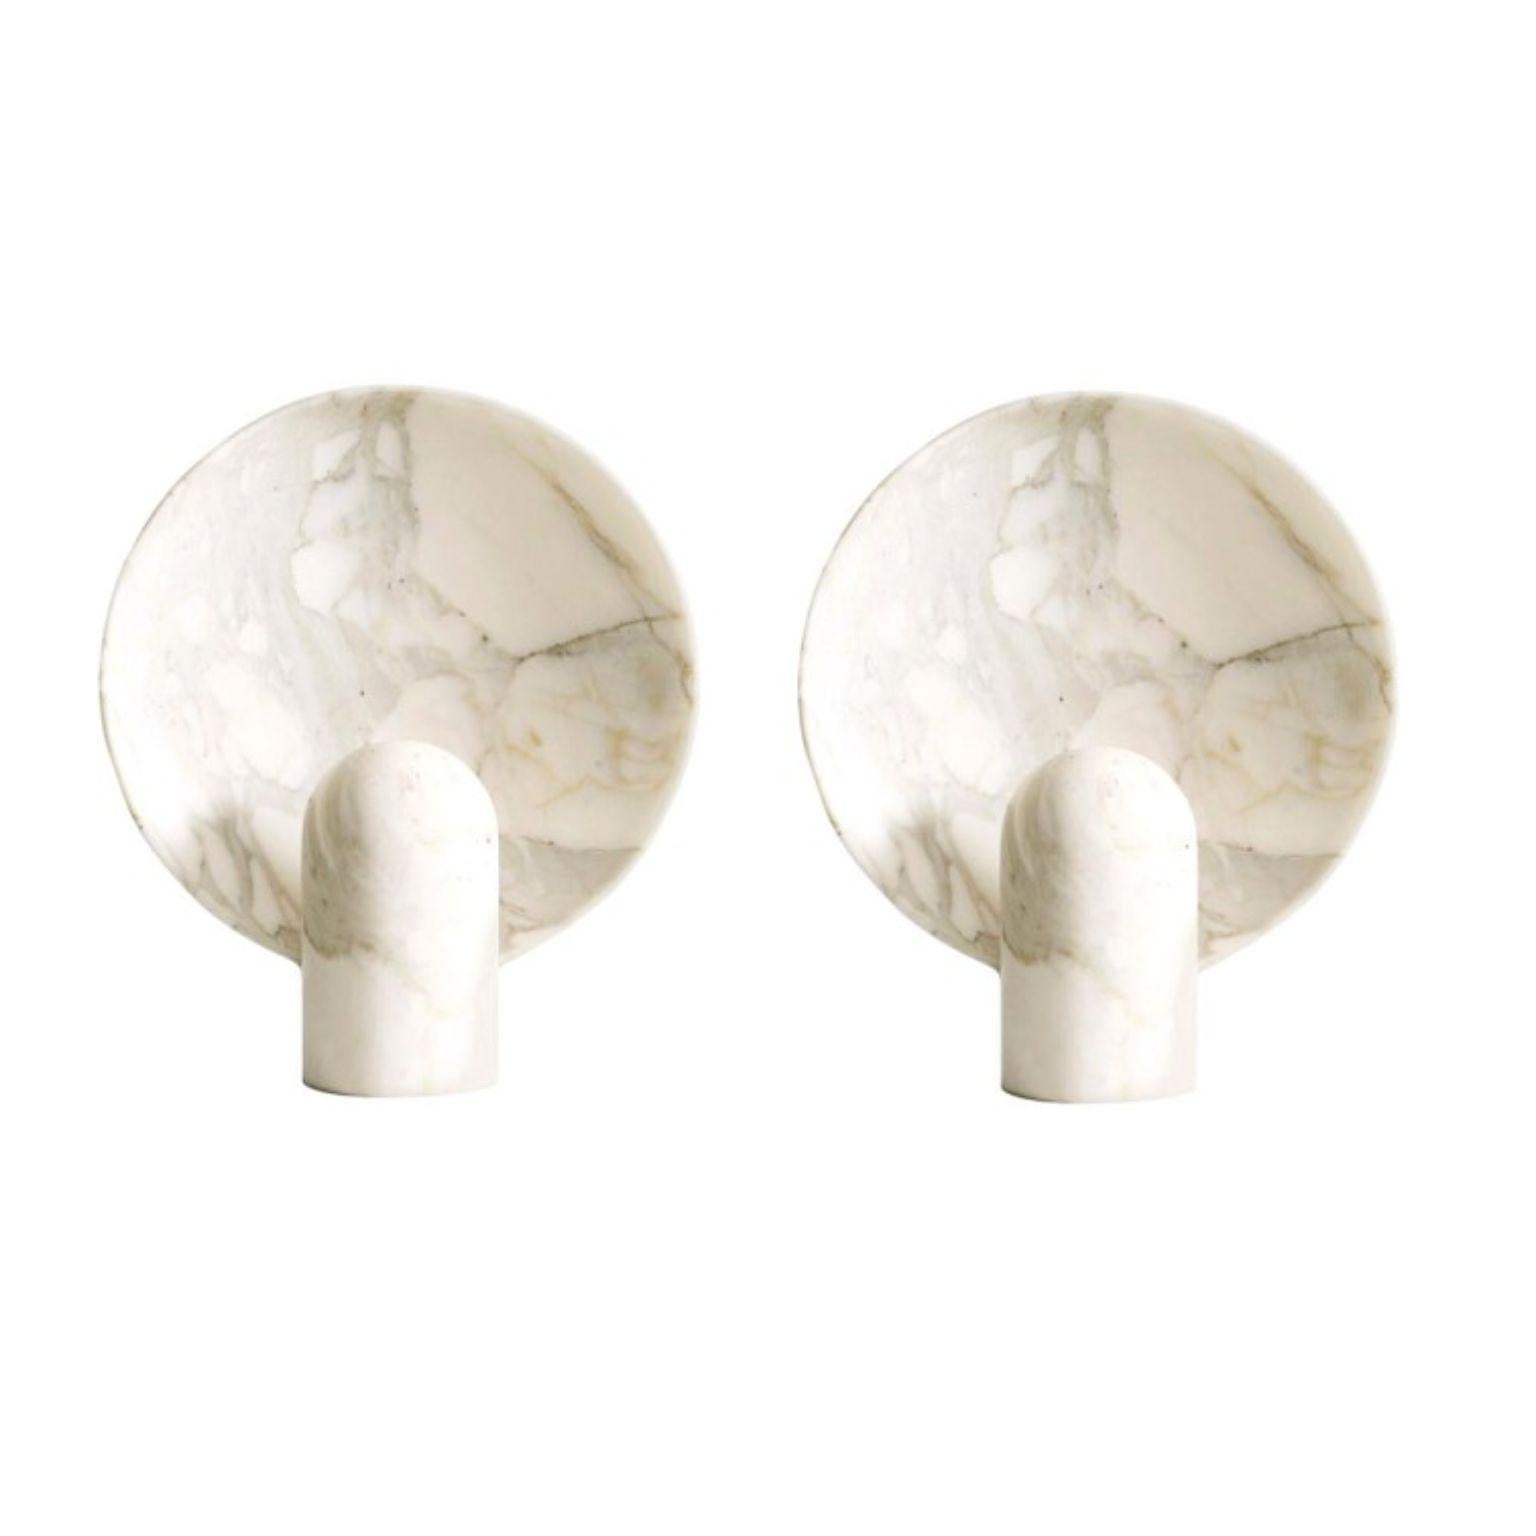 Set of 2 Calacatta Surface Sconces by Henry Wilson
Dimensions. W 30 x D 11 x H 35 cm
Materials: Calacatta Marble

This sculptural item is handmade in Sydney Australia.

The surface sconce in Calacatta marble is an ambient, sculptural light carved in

# # # # #

§ Problem statement
Word for word, repeat each line of the records, and leave every image out.

§ Result for this task
 Set of 2 Calacatta Surface Sconces by Henry Wilson
Dimensions. W 30 x D 11 x H 35 cm
Materials: Calacatta Marble

This sculptural item is handmade in Sydney Australia.

The surface sconce in Calacatta marble is an ambient, sculptural light carved in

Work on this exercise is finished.